- 18 de maio de 2026
Petróleo sobe mais de 2% e mercado global reage à escalada da crise entre EUA e Irã
O mercado internacional de petróleo iniciou a semana em alta após novas declarações do presidente dos Estados Unidos, Donald Trump, sobre o conflito envolvendo o Irã. O avanço das tensões no Oriente Médio elevou preocupações sobre o fornecimento global de energia e pressionou os preços da commodity nos mercados internacionais.
O barril do petróleo Brent, referência global, subiu 1,9% e chegou a US$ 111,31 nesta segunda-feira (18). Já o WTI, utilizado como referência no mercado norte-americano, avançou 2,3%, sendo negociado acima de US$ 107 por barril.
Os contratos futuros também registraram valorização durante a manhã.
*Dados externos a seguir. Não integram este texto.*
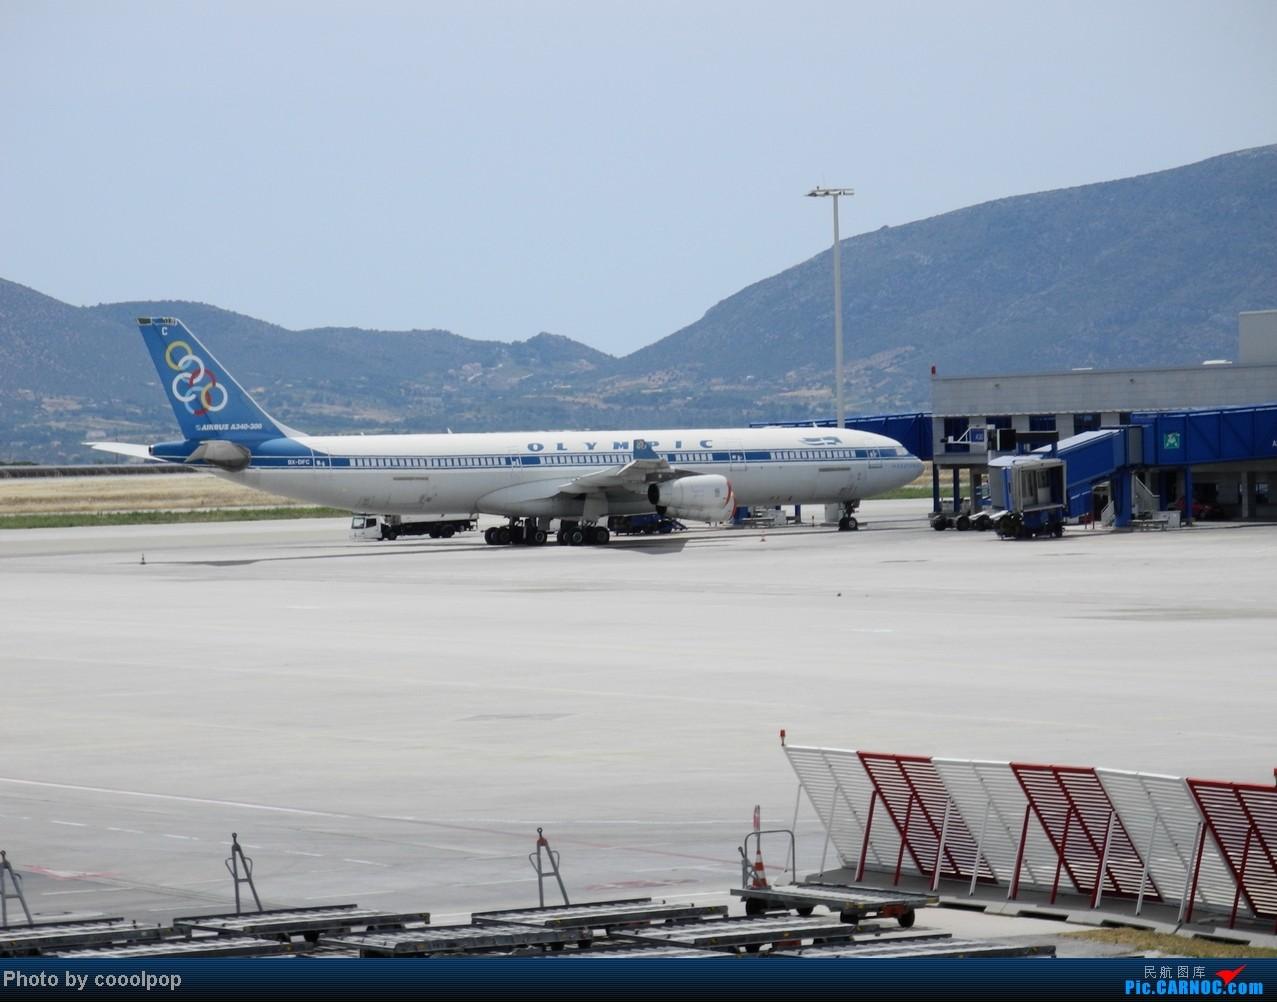 Re:[原创]一个人的 爱琴海 ! A340-300 SX-DFC 希腊雅典机场

O Brent operava em torno de US$ 110,25, enquanto o WTI era negociado próximo de US$ 102,29.
Declarações de Trump aumentam pressão no mercado
A movimentação do petróleo ocorreu após Donald Trump afirmar que o “tempo está acabando” para o governo iraniano em meio ao impasse nas negociações envolvendo o conflito no Oriente Médio. O presidente norte-americano também voltou a comentar a situação do Estreito de Ormuz, considerado uma das principais rotas marítimas para o transporte mundial de petróleo.
O mercado acompanha os impactos do fechamento parcial do estreito e das restrições impostas aos portos iranianos. Analistas avaliam que a continuidade do conflito pode manter a pressão sobre os preços da energia nas próximas semanas.
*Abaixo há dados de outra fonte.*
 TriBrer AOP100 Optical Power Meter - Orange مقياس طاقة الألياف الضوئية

Estreito de Ormuz segue no centro da crise
O Estreito de Ormuz concentra parte significativa do fluxo global de petróleo e gás natural. Desde o início da escalada militar entre Irã, Estados Unidos e Israel, a região passou a registrar redução no tráfego marítimo e aumento no risco para embarcações comerciais.
Nos últimos dias, novos episódios envolvendo drones, apreensão de embarcações e ameaças militares aumentaram a cautela dos investidores e operadores do setor energético.
Bolsas internacionais registram queda
A alta do petróleo também impactou os mercados financeiros globais. Bolsas asiáticas fecharam em queda nesta segunda-feira diante do receio de aumento da inflação e desaceleração econômica mundial.
O índice Nikkei, do Japão, recuou 0,9%, enquanto Hong Kong perdeu 1,6%. Na Austrália, o principal índice caiu 1,4%. Os futuros das bolsas norte-americanas também operaram no vermelho após perdas registradas em Nova York na semana passada.
Além das bolsas, os títulos públicos dos Estados Unidos e do Japão tiveram alta nos rendimentos, refletindo o aumento das expectativas inflacionárias provocadas pela valorização da energia.
Mercado acompanha negociações internacionais
Investidores aguardam possíveis avanços diplomáticos envolvendo Estados Unidos, Irã e China. Apesar de declarações recentes sobre tentativas de reabertura do Estreito de Ormuz, ainda não há definição concreta sobre uma solução para o conflito.
Especialistas do mercado de commodities avaliam que a instabilidade geopolítica continuará influenciando o preço do petróleo e o comportamento das bolsas globais enquanto persistirem incertezas sobre o fluxo de energia no Oriente Médio.